2.1. Il ricorrente, in concreto, non si confronta adeguatamente con la motivazione della corte di appello, che appare logica e congrua, nonché corretta in punto di diritto -e pertanto immune da vizi di legittimità.
I giudici del gravame del merito, hanno dato infatti conto degli elementi di prova in ordine alla responsabilità del prevenuto, ed in particolare, con motivazione assolutamente logica, hanno evidenziato come sia inverosimile che l’imputato non avesse contezza dello stato di convivenza della figlia perché tale dato risulta pacificamente dal certificato dello stato di famiglia; o, ancora, che non avesse contezza del reddito percepito dalla medesima (tesi sostenuta dalla Difesa, sulla quale tuttavia l’imputato non ha ritenuto di rendere alcuna dichiarazione). Quanto alla presunta ignoranza della norma tributaria, si versa, evidentemente, come si legge in sentenza, in una ipotesi di ignoranza inescusabile della legge.
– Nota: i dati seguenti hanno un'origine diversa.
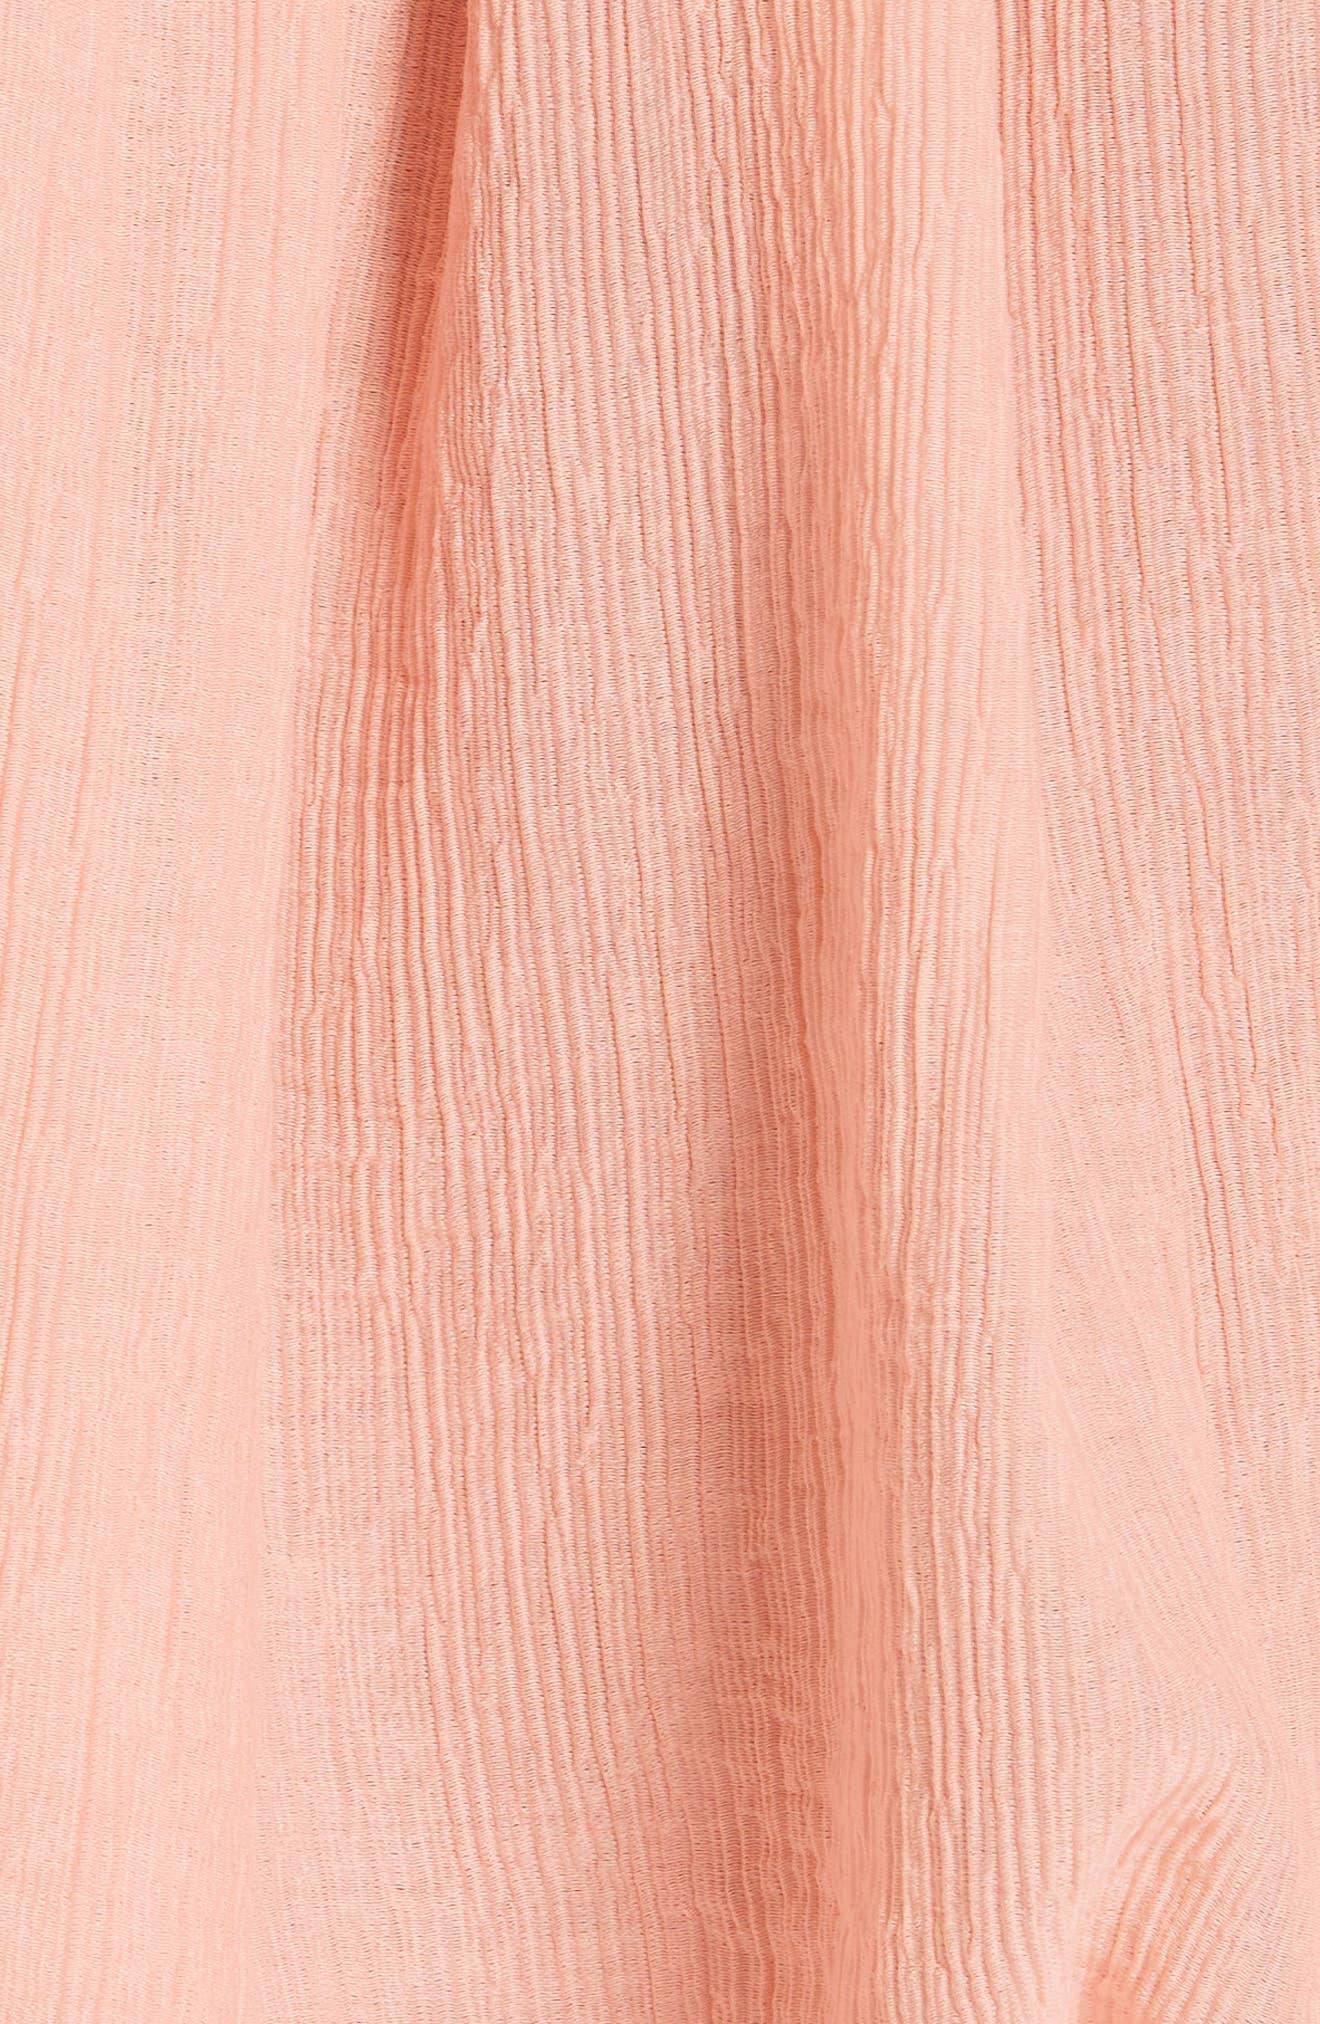 Elazara Ruched Sleeve Peasant Top,                             Alternate thumbnail 5, color,                             958

Del resto, è emerso pacificamente che egli non avrebbe avuto diritto all’ammissione al gratuito patrocinio: è, pertanto, del tutto irrilevante la circostanza secondo l quale qualche mese dopo egli avrebbe avuto titolo per il riconoscimento del beneficio.
Rispetto a tale motivata, logica e coerente pronuncia i ricorrenti chiedono una rilettura degli elementi di fatto posti a fondamento della decisione e l’adozione di nuovi e diversi parametri di ricostruzione e valutazione. Ma un siffatto modo di procedere è inammissibile perché trasformerebbe questa Corte di legittimità nell’ennesimo giudice del fatto.
2.2. Per la Corte territoriale la condotta non è di minima offensività ai fini dell’applicazione dell’art. 131 bis cod. pen. in quanto egli non avrebbe avuto diritto all’ammissione al gratuito patrocinio; inoltre, come correttamente osservato dal primo giudice, il reddito percepito era di molto superiore rispetto al dichiarato.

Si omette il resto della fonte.